Exercise instructions:
Write out each line below precisely, passing over the pictures.

Data excerpt:
################
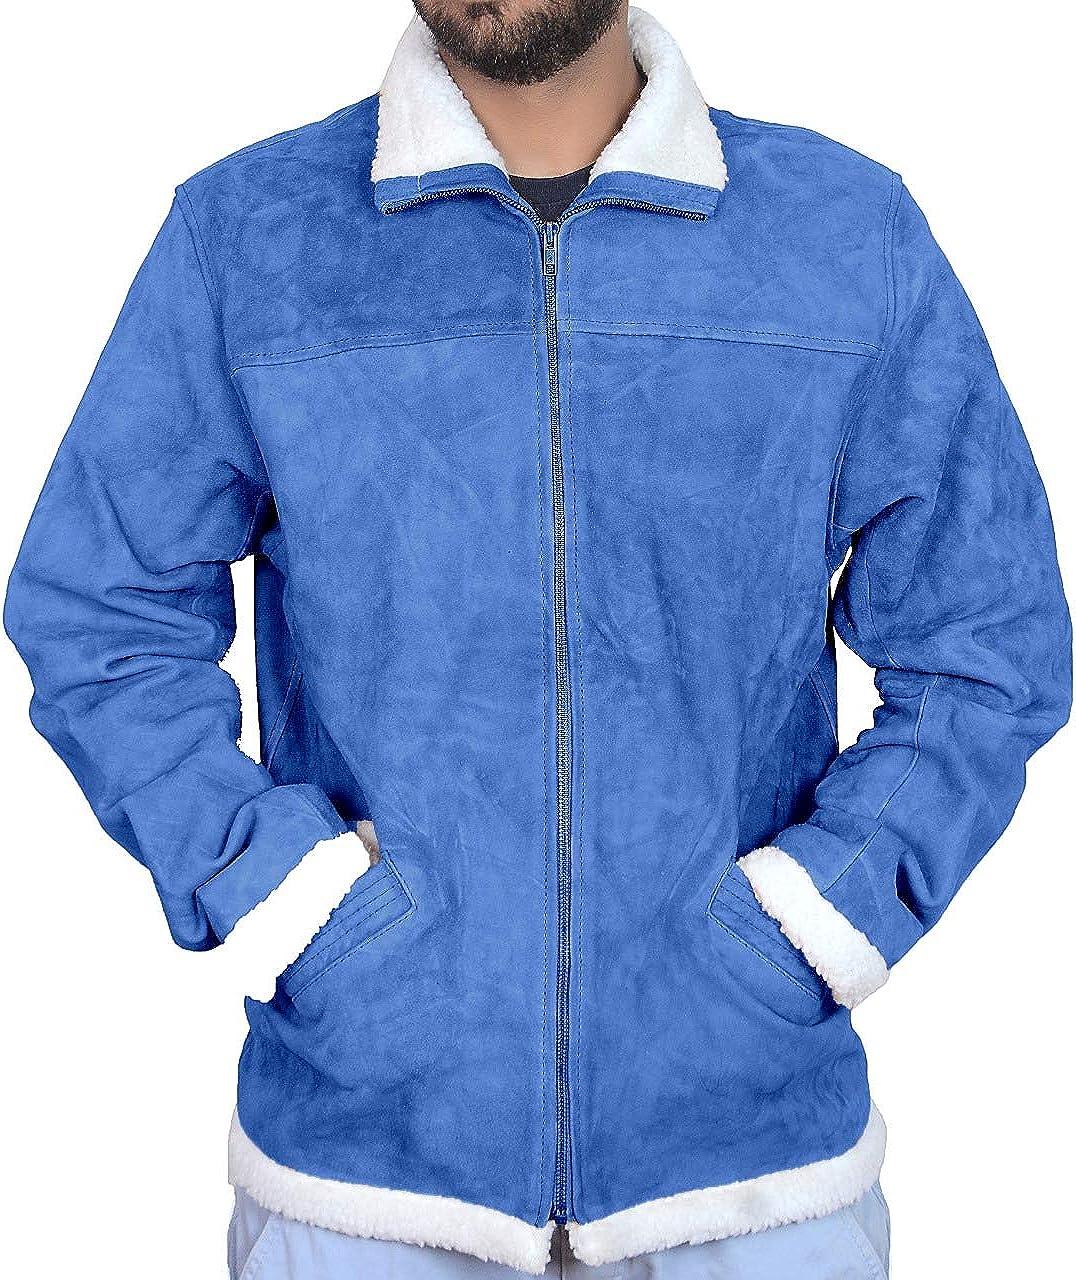 Classyak Men's Fashion Leather Jacket Furr Collar
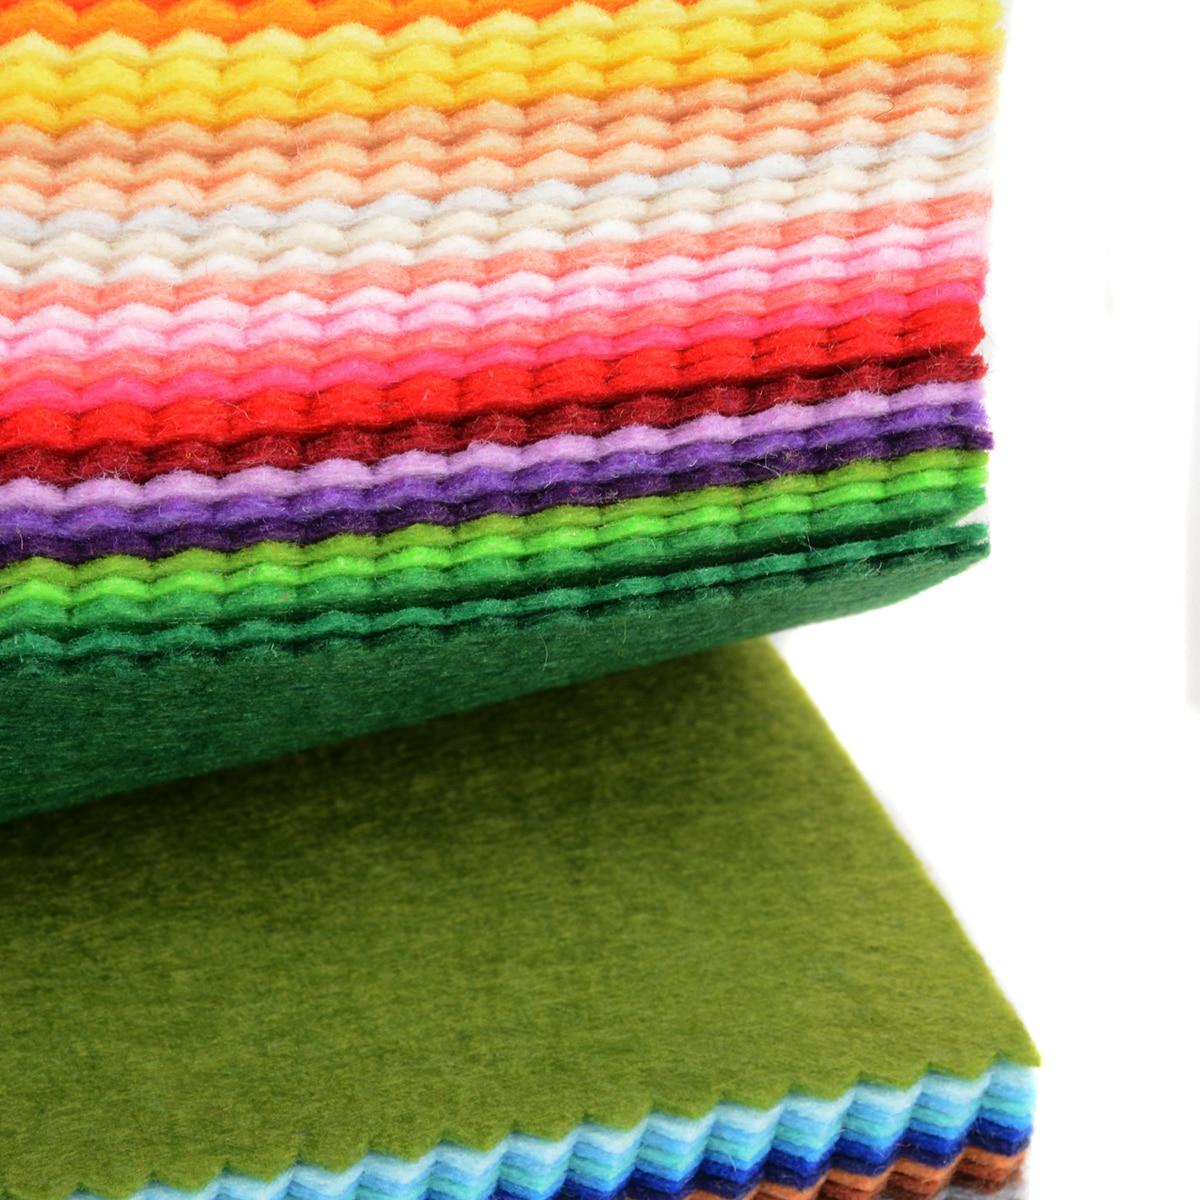 41pcs 41 Colores Fieltro Hojas Lana Poliester Mezcla Tela Kit
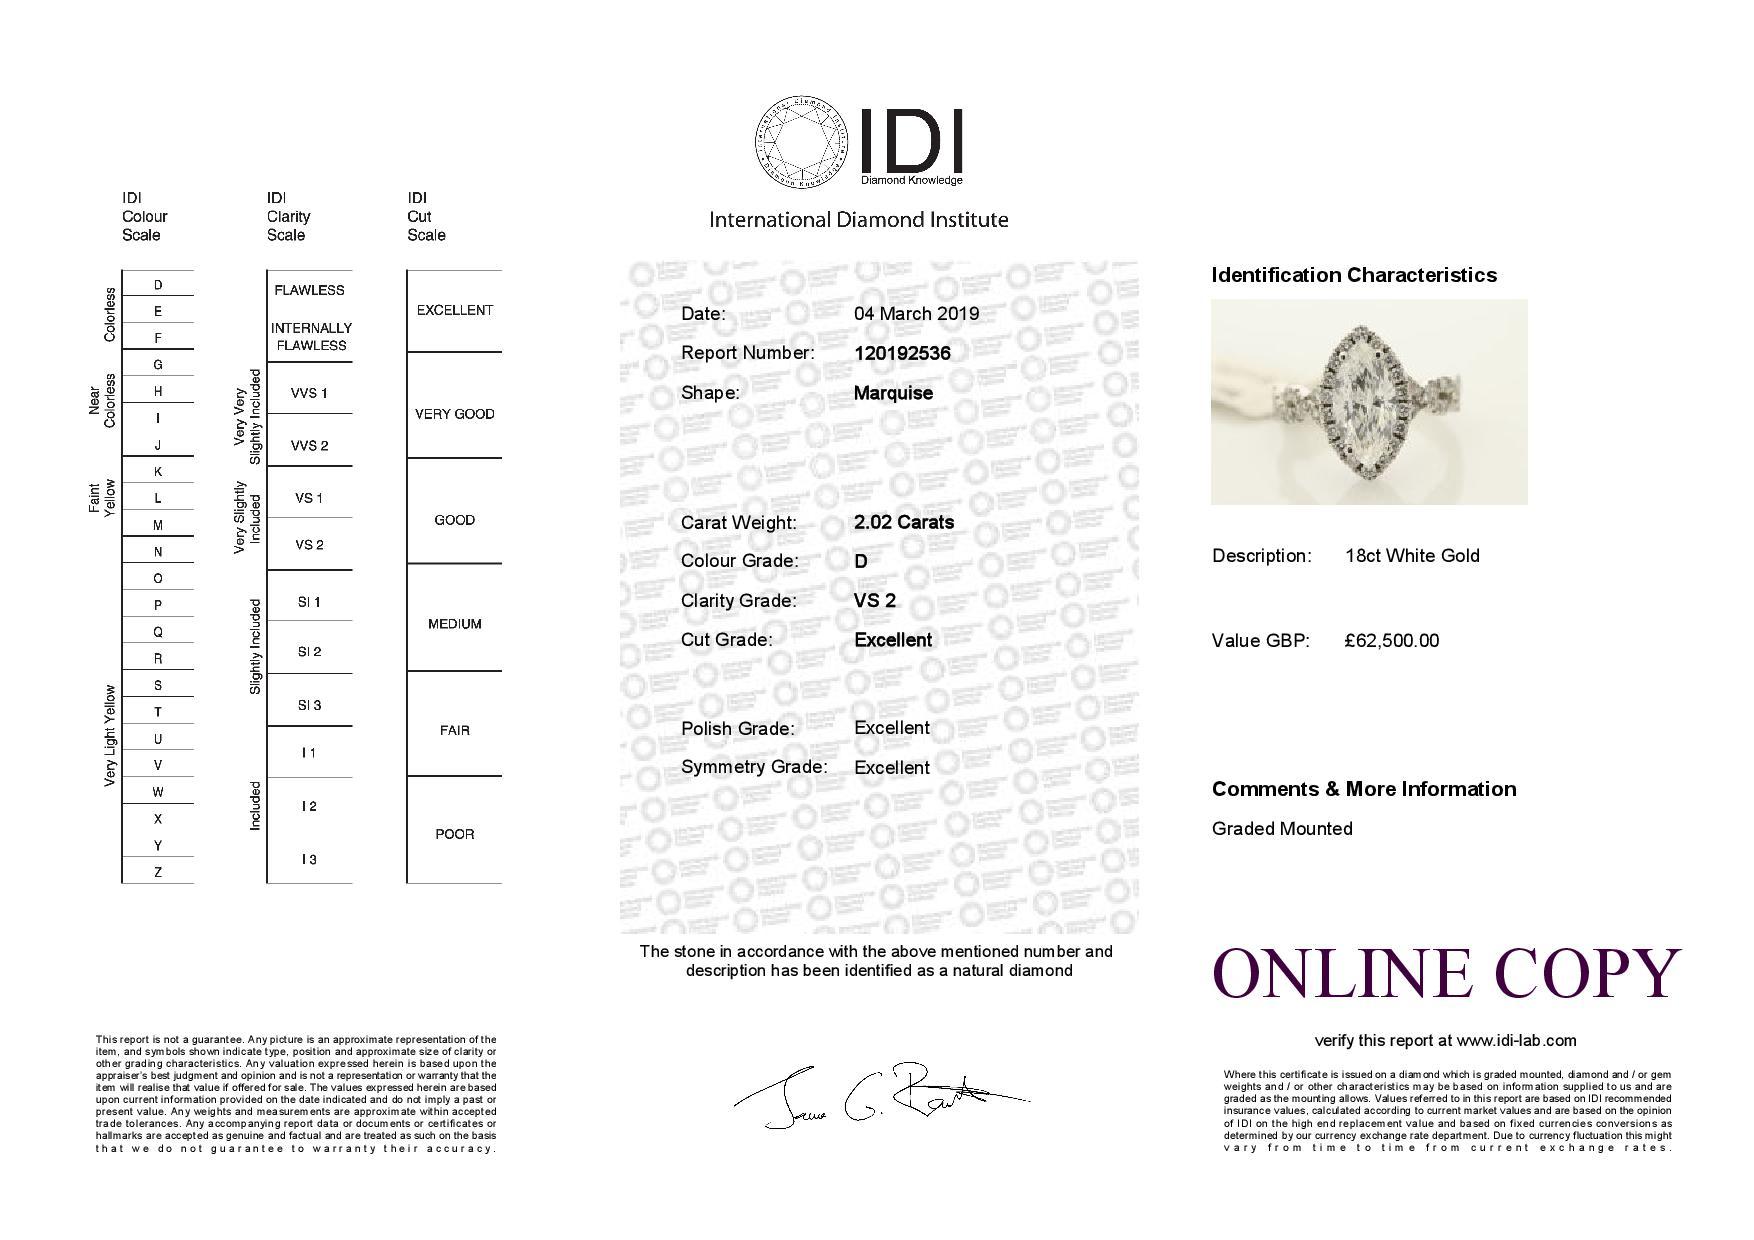 18k White Gold Single Stone With Halo Setting Ring 2.02 - Image 3 of 3
################
Expected answer:
 Classyak Men's Fashion Leather Jacket Furr Collar
 41pcs 41 Colores Fieltro Hojas Lana Poliester Mezcla Tela Kit
 18k White Gold Single Stone With Halo Setting Ring 2.02 - Image 3 of 3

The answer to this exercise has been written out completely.